La sustitución en la Moncloa no garantizaba otra alternativa que la que estamos viviendo: un cambio desde el Gobierno central para mullir el impacto del fracaso procesista siempre más llevadero con un socialista como Sánchez que con un burócrata como Rajoy. De ahí que cuando los 17 votos independentistas en el Congreso convirtieron al secretario general del PSOE en presidente del Gobierno, el ‘procés’ interpretaba el canto del cisne. Y lo hacía porque regresaba a los mecanismos institucionales de participación en las decisiones políticas.

El voto en la moción de  censura –y luego en la provisión interina de la dirección de RTVE— son dos comportamientos autonomistas y lo es todavía más que Joaquim Torra acepte convertirse en el ‘carcelero’ administrativo de los dirigentes del ‘procés’. No hablemos de vencedores ni de vencidos. Pero el 9-J en Madrid no es un Tedeum, sino un funeral para el ‘procés’. Puede que haya otros –incluso: es seguro que los habrá– pero el que Artur Mas lanzó en las elecciones del 2012 se ha acabado.
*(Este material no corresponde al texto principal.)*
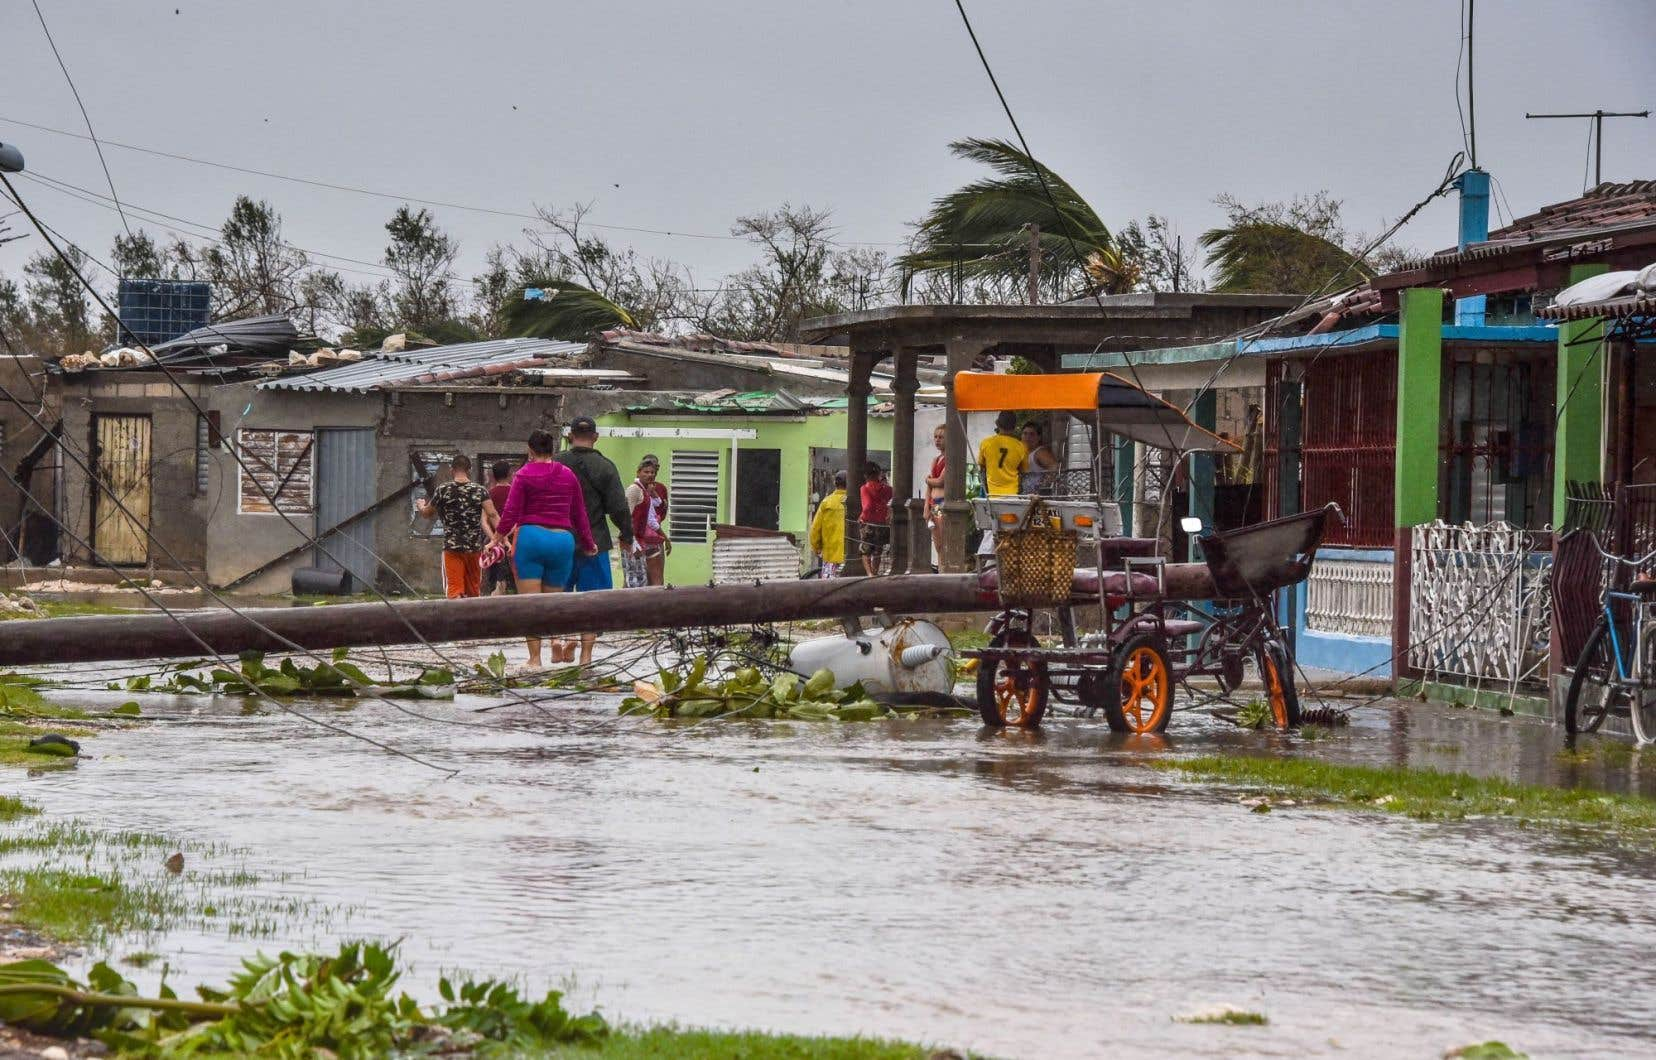 La province de Villa Clara, à 330km à l'est de La Havane, a été durement atteinte par l'ouragan.

En la Moncloa, pues, se hablará de todo –“sin cortapisas”– pero se acordará aquello que el Gobierno pueda soportar políticamente y nada que altere ni la Constitución ni las leyes. O sea, se podrá hablar del derecho de autodeterminación –para que Sánchez diga que no procede– y de los presos –para que Sánchez diga que su suerte procesal corresponde a los jueces–, y dependerá de Torra que de la reunión se salga con un balón de oxígeno para todos o con una agudización de la crisis. En el primer caso ya sabemos que se ‘desinflamará’ la situación aunque no habrá curación; en el segundo, el Estado volvería al repliegue y el independentismo al deambular peripatético y estéril. Pero en todo caso –y es la baza de Sánchez- la opinión pública catalana observará que en Madrid sí se dialoga.

Mientras, Josep Borrell, que es tanto ministro de Exteriores como de ‘Asuntos Catalanes’, ocupa otro espacio: el de la comunicación, el del relato. Su firmeza argumental es proverbial y sus decisiones políticas, inequívocas. Haber convertido en referencia de buena práctica diplomática el discurso de respuesta de Pedro Morenés a Joaquim Torra en la capital de EEUU es un gesto elocuente, así como las entrevistas en las que el responsable de la política exterior española planta cara a las “lindezas” de la siempre hábil comunicación del independentismo. Y acota el encuentro del próximo lunes: se tratará del “perímetro del problema”.

Distingamos, en vísperas de este 9-J funerario del ‘procés’, lo que aconsejaba Antonio Machado: las voces de los ecos. Las palabras, los gestos, las actitudes del procesismo chocan con una realidad: la de su fracaso. El independentismo tiene que gestionarlo y el Gobierno reducir el 47% que le apoya a un llevadero 25% de la ciudadanía. Ese es el objetivo de este episodio en el que casi nada es lo que parece. No se trata de diluir el independentismo, ni de convencer a Torra. Se trata de algo difícil pero posible: persuadir a los soberanistas volátiles de que el radicalismo está en el Palau de la Generalitat y no en la Moncloa.